=== Section Start ===

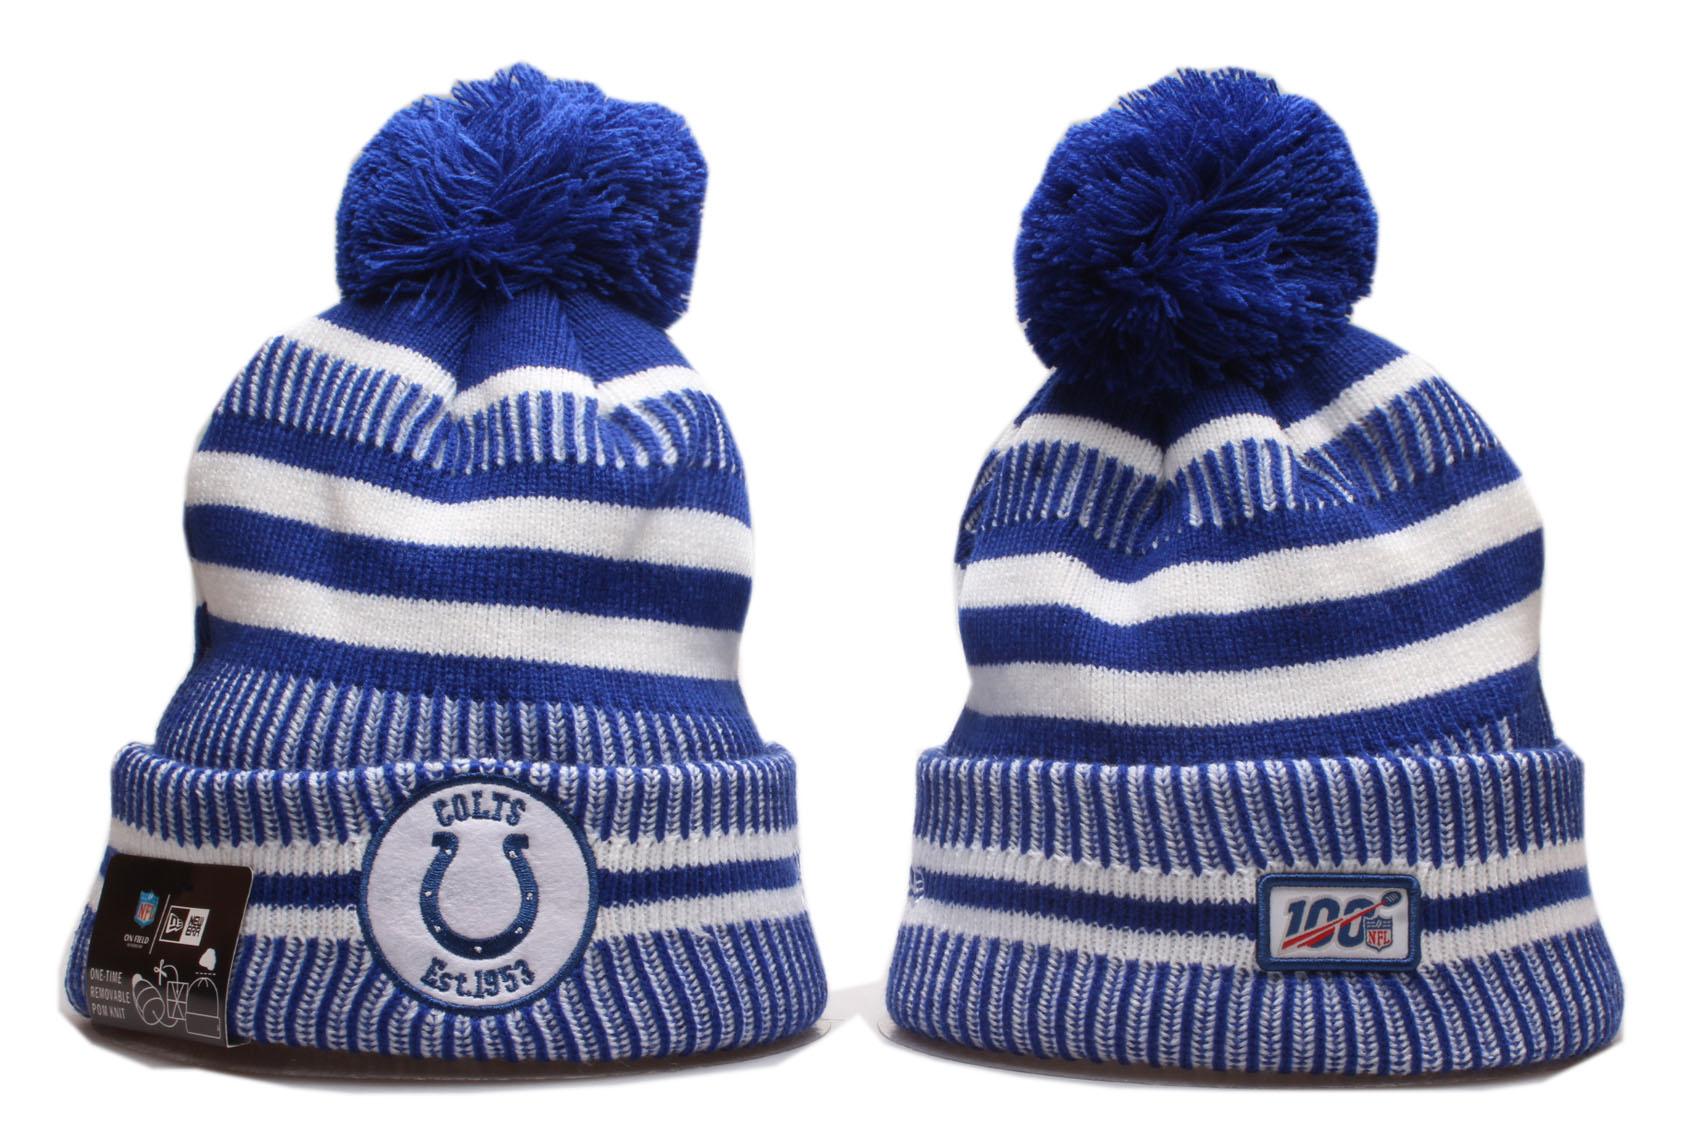 Colts Fresh Logo Blue 100th Season Cuffed Pom Knit Hat YP
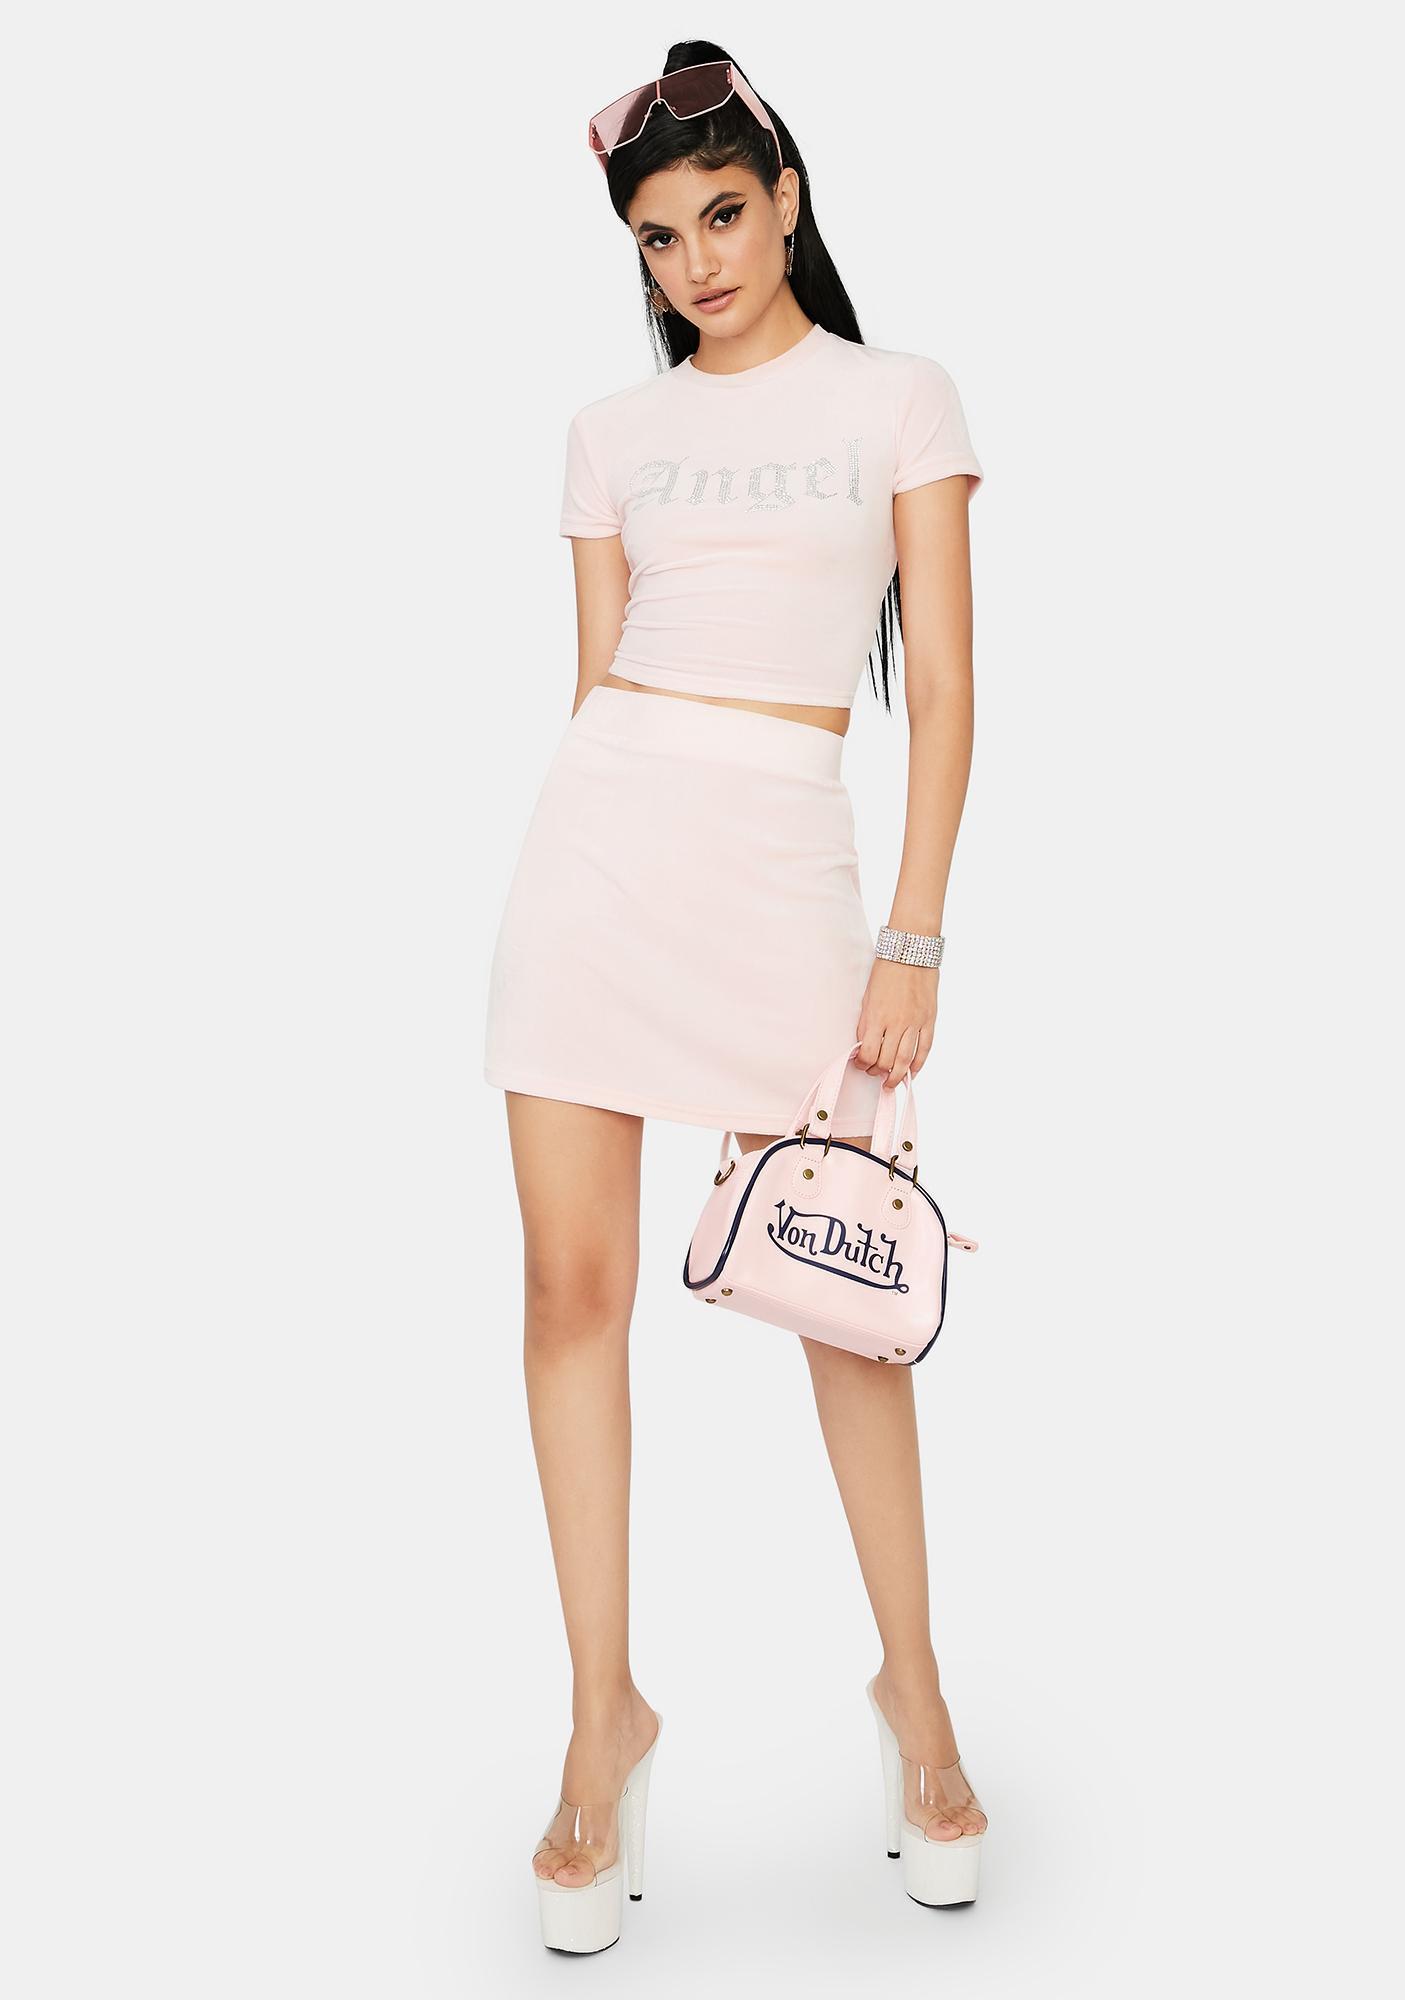 Icy Angel Bling Skirt Set
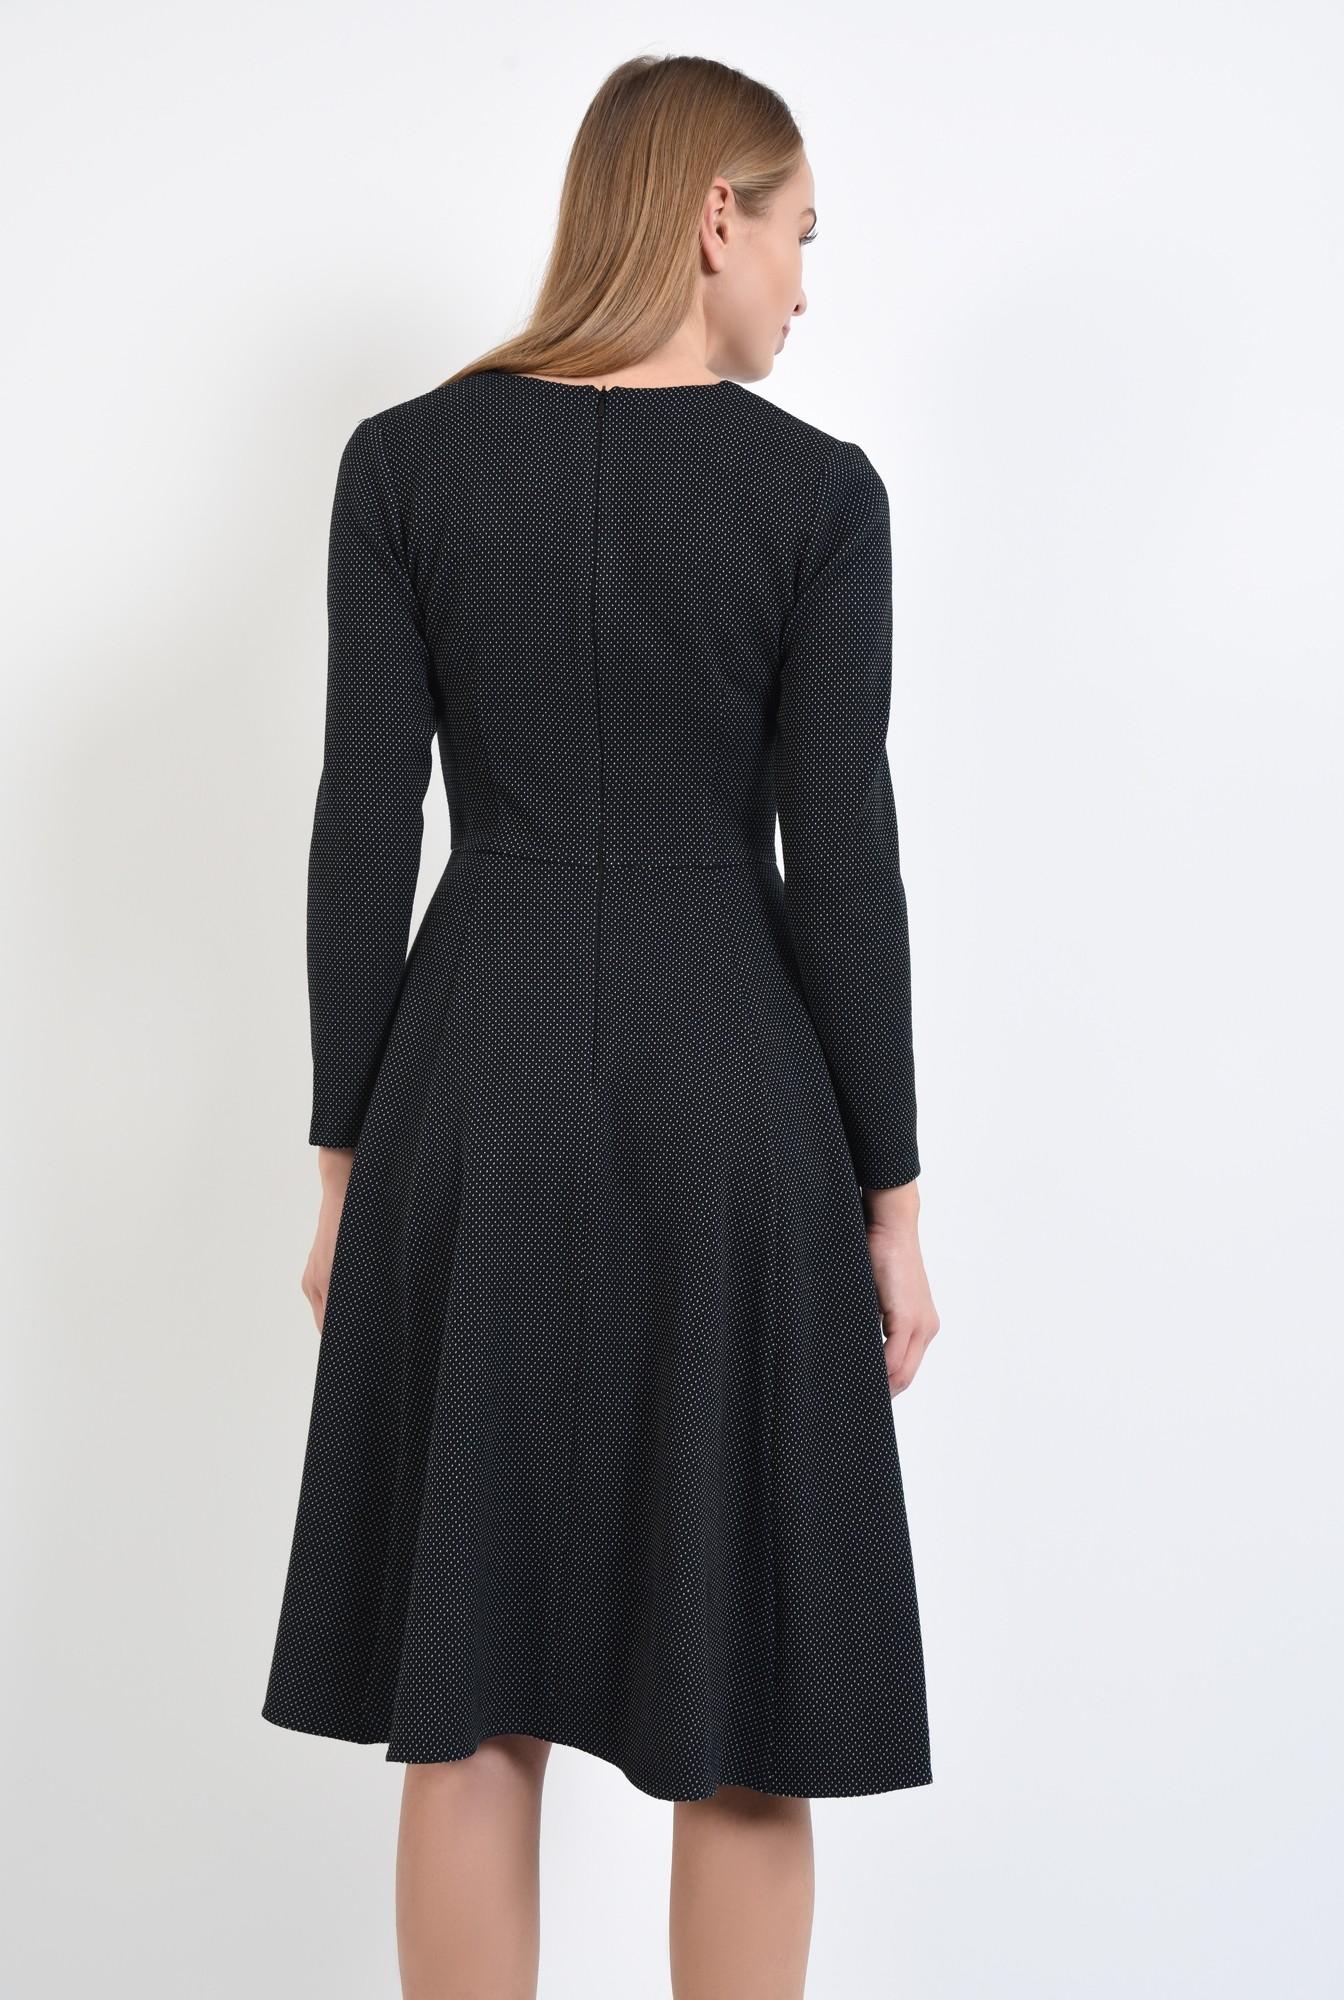 1 - 360 - rochie neagra cu picouri albe, evazata, midi, decolteu anchior

=== Section End ===

What the answer must hold is the exact text of every line from the one containing "Icy Angel Bling Skirt Set" through the end of the data, minus any pictures.

» **Written solution**:
 Icy Angel Bling Skirt Set
 1 - 360 - rochie neagra cu picouri albe, evazata, midi, decolteu anchior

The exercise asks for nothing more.